I used to serve coffee to Huey Newton. Now, this may not immediately seem relevant to André Leon Gray's show of new work, figment of the pigment, at Flanders Gallery in Raleigh, which is, after all, the subject of this review, but I'm going to stay with it for a moment. I was working at the Stevenson College coffee shop at UC Santa Cruz where Newton was studying. He used to come in and order these massive espresso drinks. My memory of Newton says something about how our neural pathways become hardwired with idiosyncratic meaning packets that remain dormant until reawakened by a given stimulus. Case in point: It's almost impossible for me to think about Huey Newton without calling to mind that he's always gonna want four shots of espresso in his cup. Said he'd gotten used to drinking it that way in Cuba.
I think Gray counts on this phenomenon in his work. And by counting, I mean numerically. Gray's works are densely packed, impeccably constructed amalgams designed to generate associative meanings that accumulate in direct proportion to the amount of time a viewer is willing to take to absorb them. It's no accident that I invoke an equational structure to talk about Gray's art. The more I look at his works, the more they seem like conceptual equations designed to both record selective components of memory and experience and consider what it means to be African-American at this particular moment in history. Indeed, one theorem makes an appearance in many of the works in this show. It reads as follows:
x(N – 3/5) ≠ C
It's an equation about inequality, the centerpiece of which echoes the "three-fifths compromise" of 1787, which pertained to the taxation and representation of nonwhite people under the Constitution of the new United States. Every time it appears in one of Gray's works it serves as an elegiac coda. It signals the unspeakable, abbreviating the highest degree of injustice without allowing us to escape it.
Gray's equation first appears in "Head Full of Doubt," a mixed-media installation that includes a geometric patchwork of multicolored textbooks upon which is affixed a small chalkboard containing the aforementioned theorem. Below, large block letters spell out the word EXI[S]T. The S is offset from the word, giving rise to a paradoxical meditation on being and (in)visibility. On the floor is a child's school desk boxed in by a white picket fence. On the desk is a textbook titled "A History of the United States," upon which "This class is boring" has been scrawled in white. Of course, the word "class" cuts a double meaning here, suggesting both school class and social class. History is made to fold in upon itself in this piece, imploding Gray's memories of life in the "Wack County" school district with the echo of Lyndon Johnson's Civil Rights Act of 1964 as it resonates against the recent Wake County School Board's decision to end its diversity policy.

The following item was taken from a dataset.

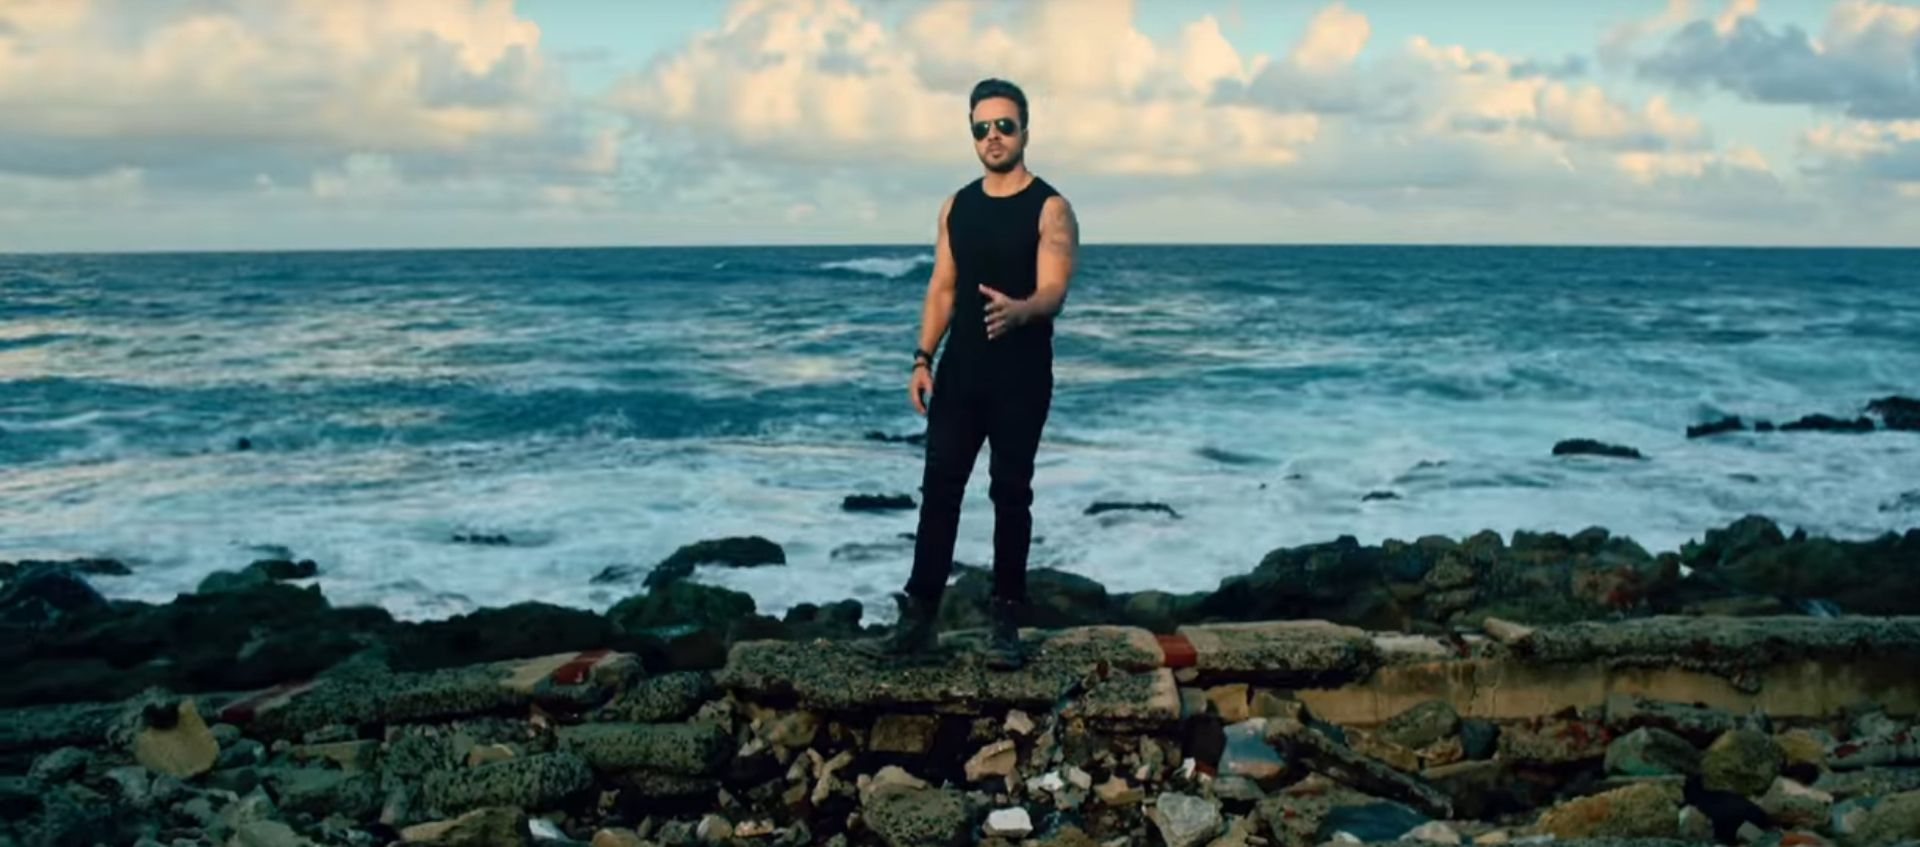 HAKIRAN VEVO 'Despacito' izbisan s YouTubea

Space prohibits me from outlining the seemingly unlimited meaning packets to be uncovered in each of the works in this show. Constructs exist within constructs. The spark for my Newton flashback was a piece called "What Does Revolution Sound Like?" which incorporates an empty wicker chair like the one that appears in the iconic photo of the Black Panther leader circa 1965. The piece also sparks associations to Muhammad Ali and a host of artists—Jean Michel Basquiat, Andy Warhol, Nadine Robinson, William Cordova, David Hammons and Satch Hoyt, to name a few. A key feature of this work is a massive oval painting with Napoleon Bonaparte reimagined with African features. The work is done in tar, which in Gray's handling, comes off with an astonishing painterly quality. Gray's use of this medium reveals much about preconceptions about color. Tar, in this equation, does not equal black. Gray brings out sepia tones, coffee shades and warm chocolatey browns. The tar paintings anchor the gallery space due to their sheer scale as well as their fascinating visual effect—the dark rich depth, sheen and tonality of the material. It upends our preconceptions about blackness, revealing, as the show's title suggests, that color is an equation of the imaginary.